WHAT NEEDS TO BE DONE:
For the listing below, the answer is an exact retyping of the lines from the one with "9 Karat Gold" through the one with "A classic looking", both included, without pictures.

RECORDS PROVIDED:
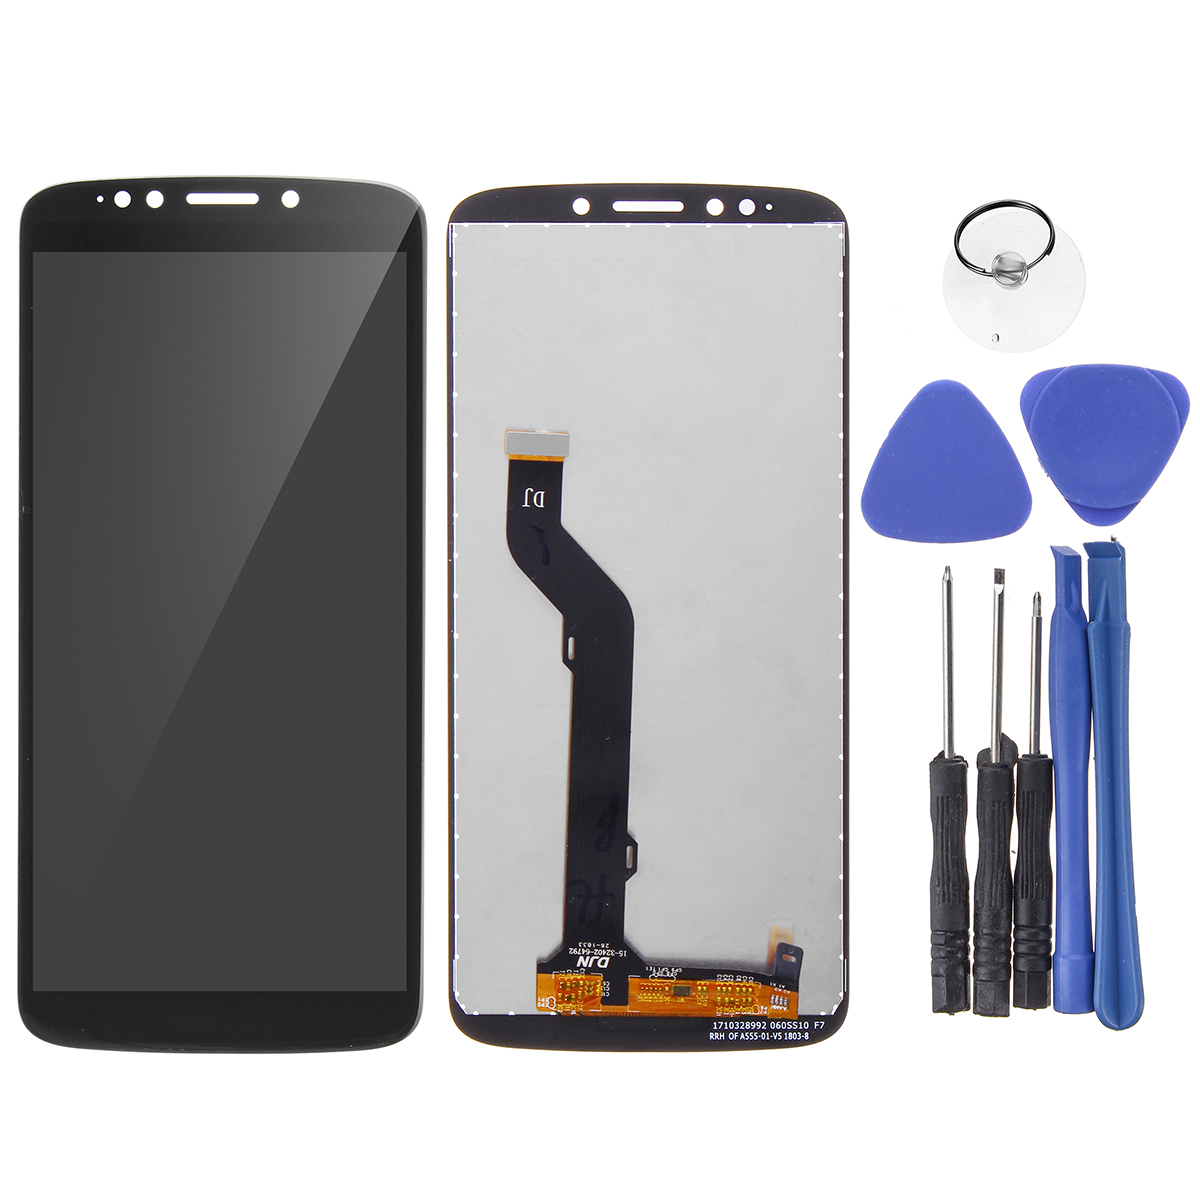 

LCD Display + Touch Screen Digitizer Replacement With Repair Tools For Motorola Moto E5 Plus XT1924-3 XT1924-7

---

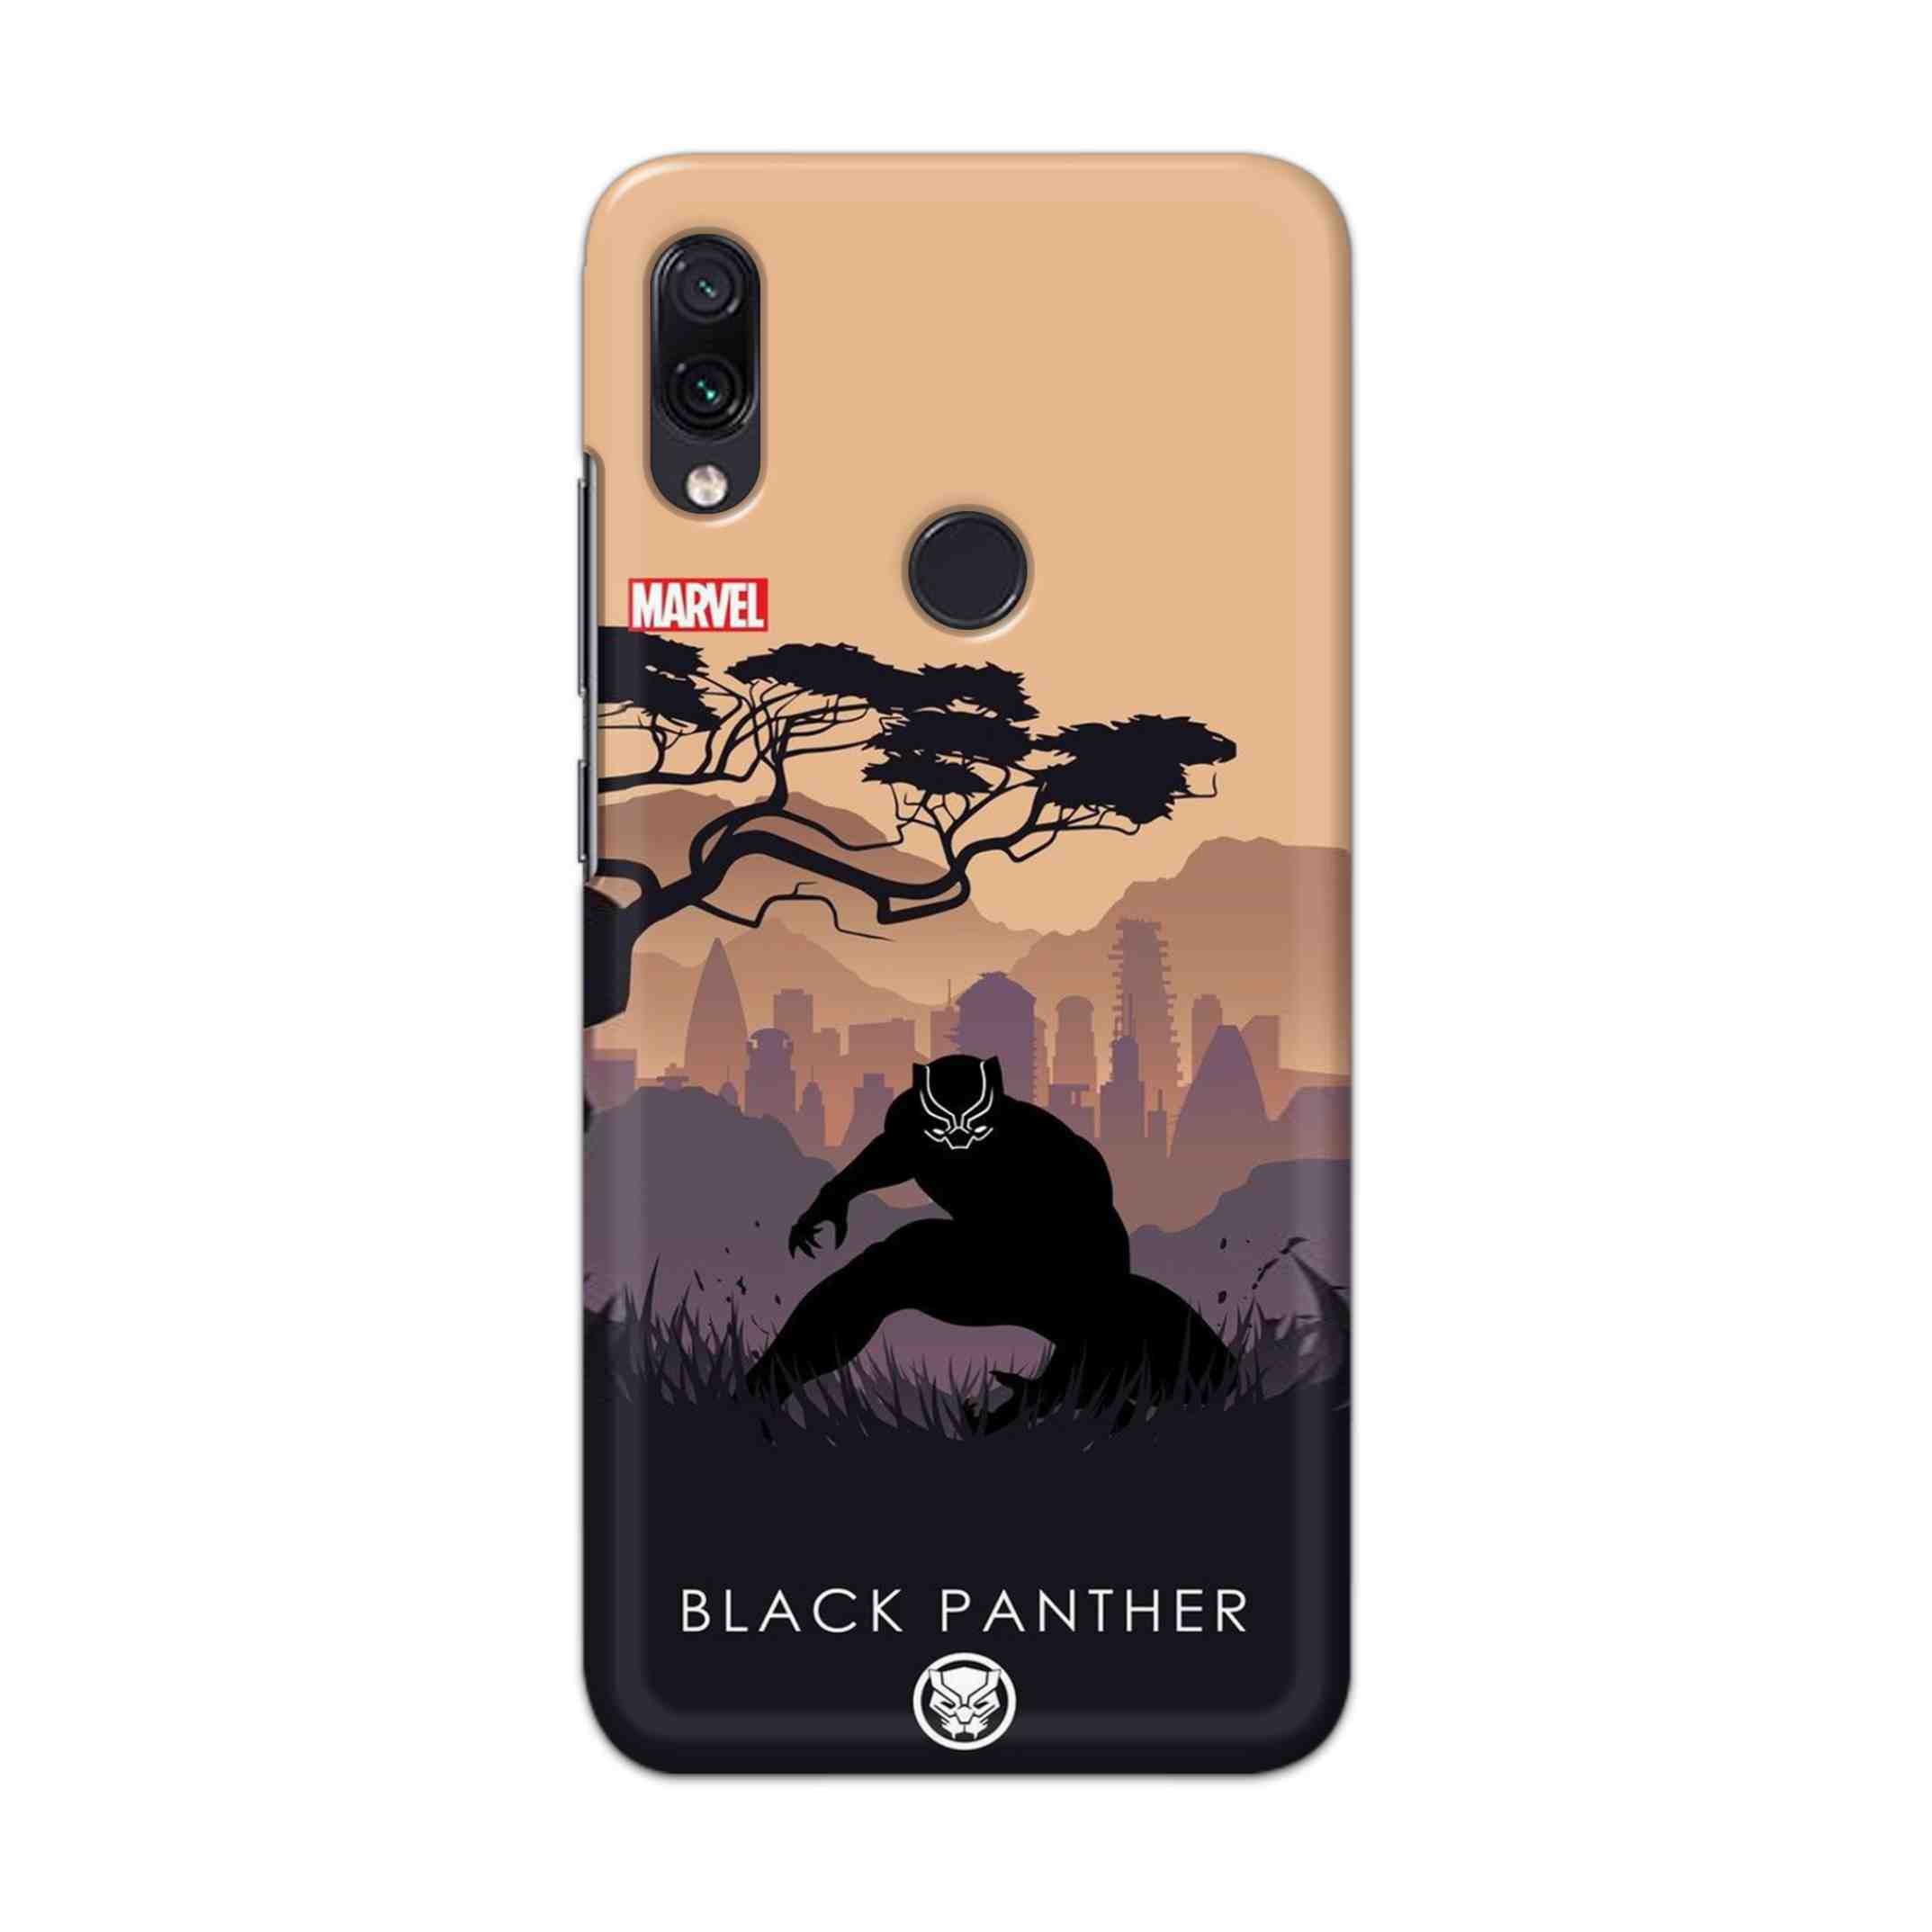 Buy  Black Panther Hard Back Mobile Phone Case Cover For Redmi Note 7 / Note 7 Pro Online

---

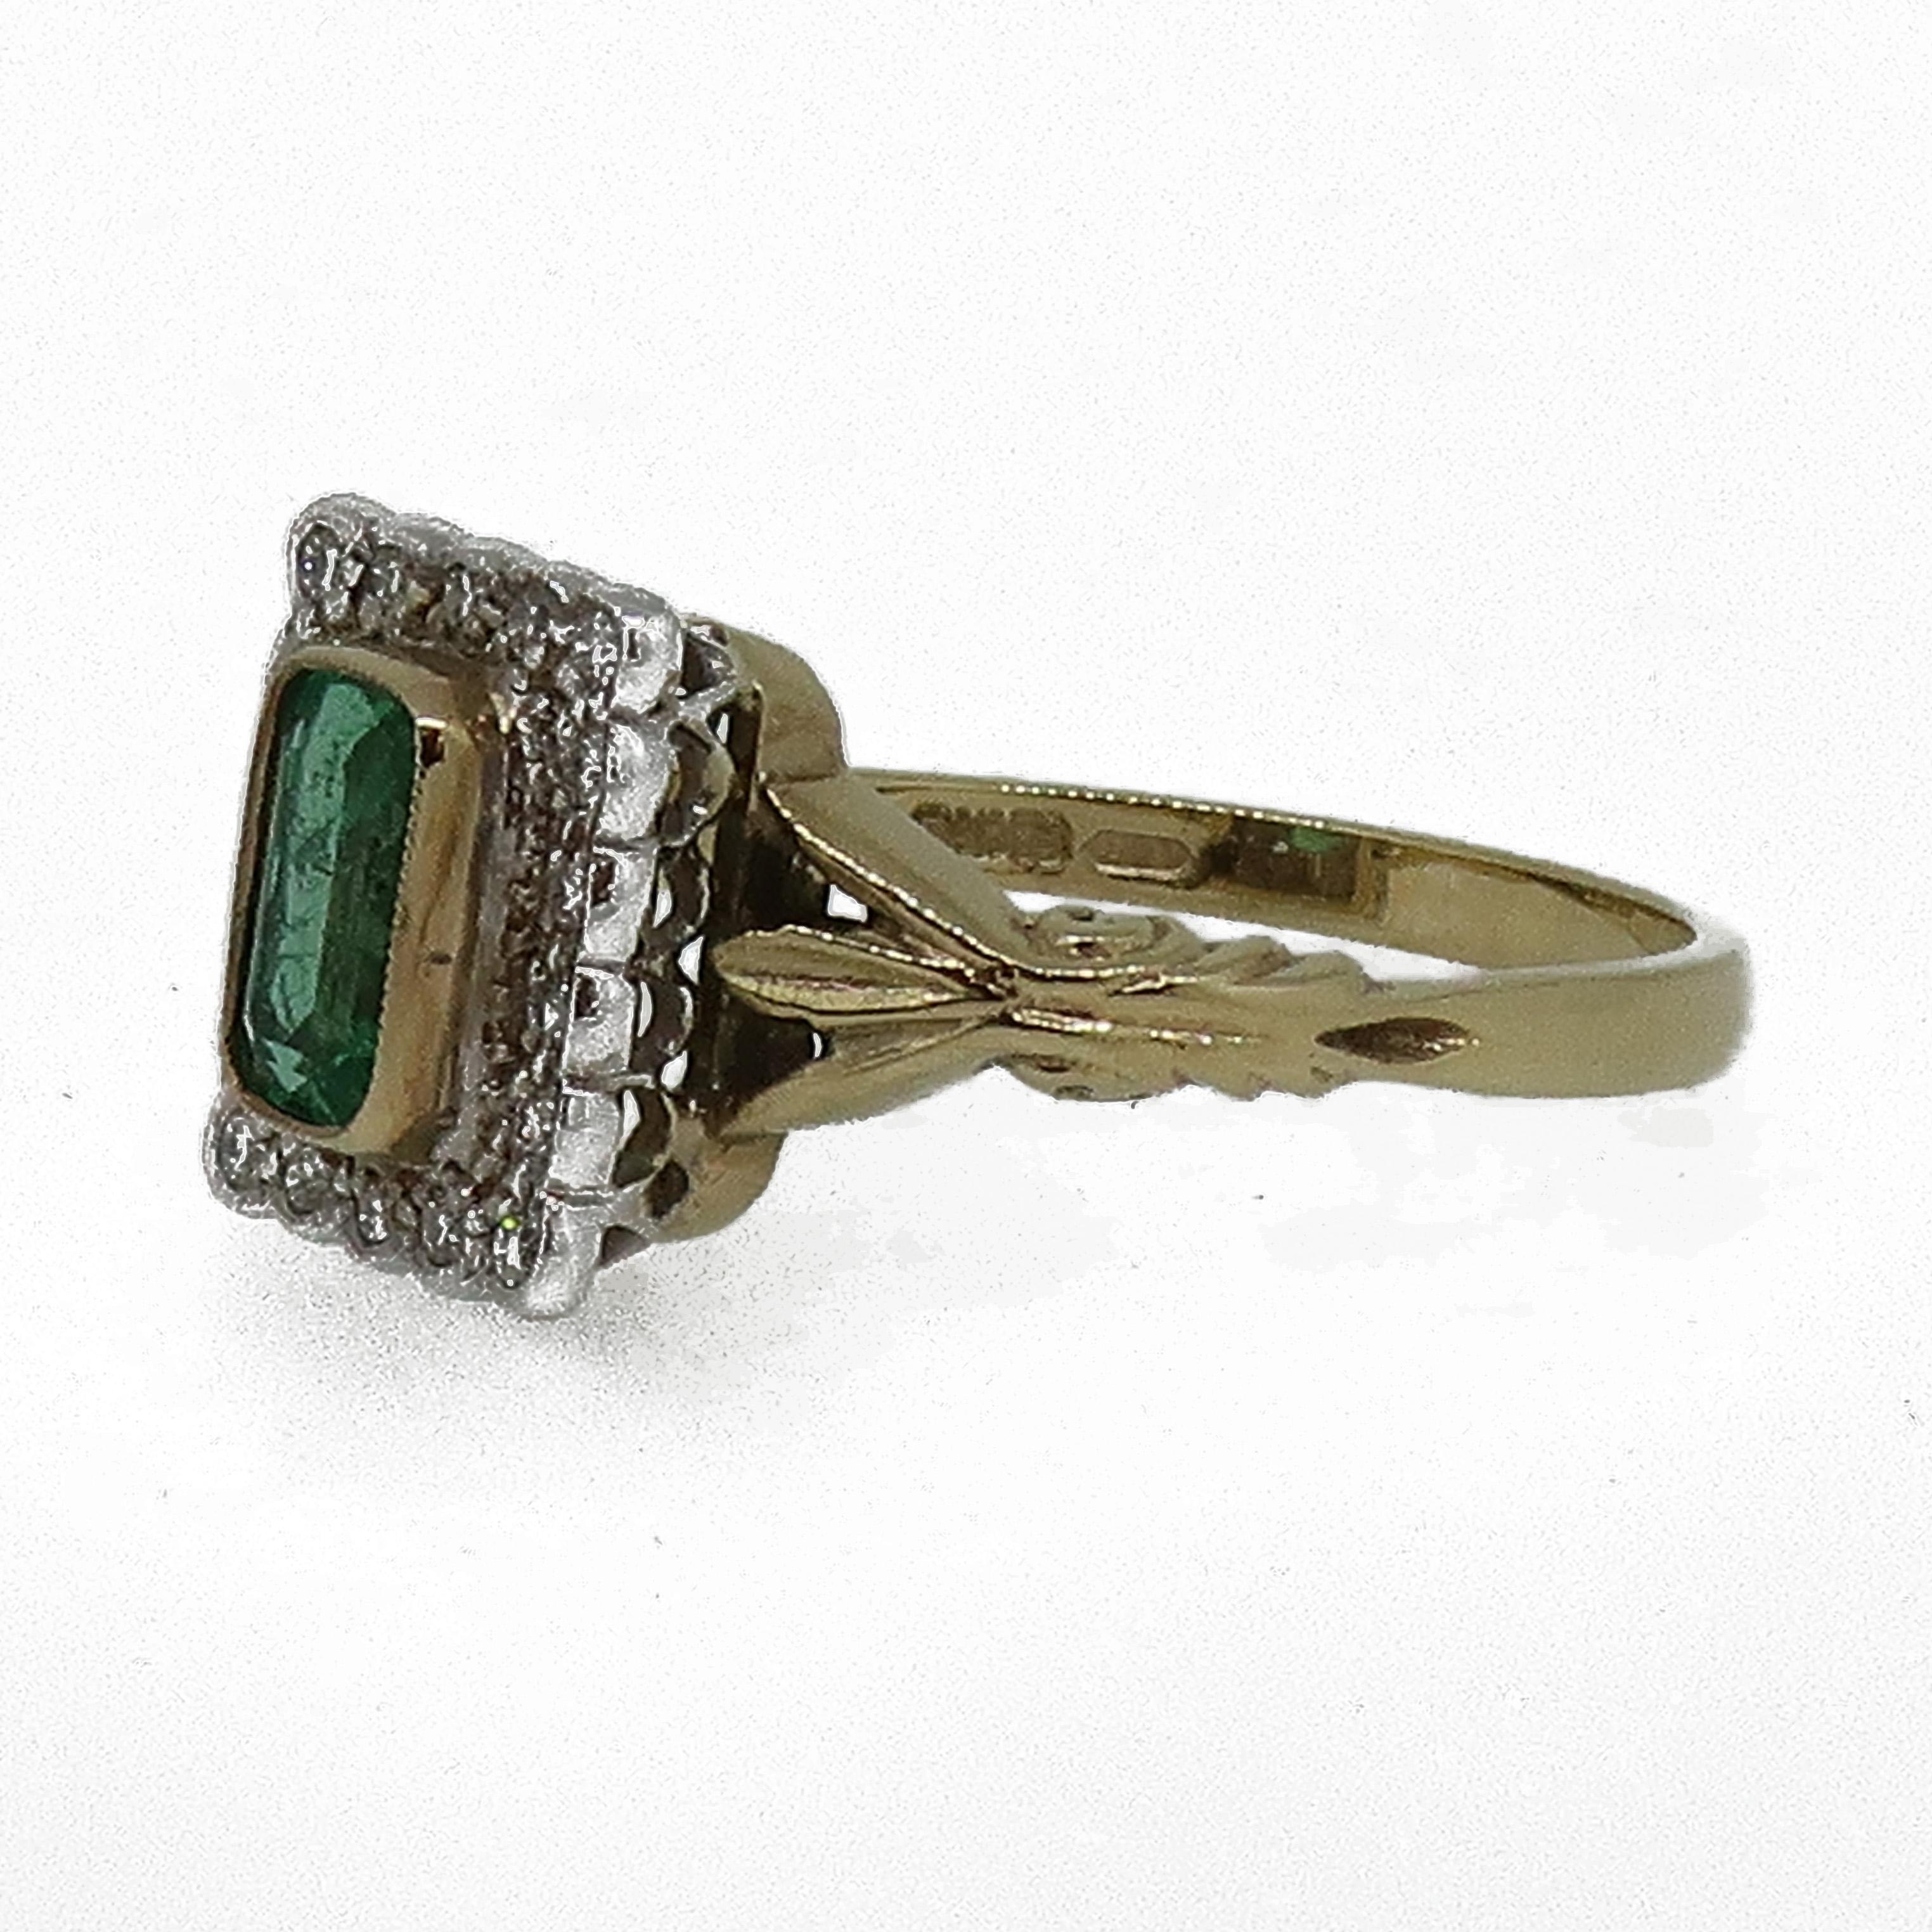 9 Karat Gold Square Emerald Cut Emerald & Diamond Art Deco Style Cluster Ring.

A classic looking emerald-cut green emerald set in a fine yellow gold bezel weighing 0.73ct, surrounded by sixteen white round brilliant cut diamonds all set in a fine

SOLUTION TO THIS TASK:
 9 Karat Gold Square Emerald Cut Emerald & Diamond Art Deco Style Cluster Ring.

A classic looking emerald-cut green emerald set in a fine yellow gold bezel weighing 0.73ct, surrounded by sixteen white round brilliant cut diamonds all set in a fine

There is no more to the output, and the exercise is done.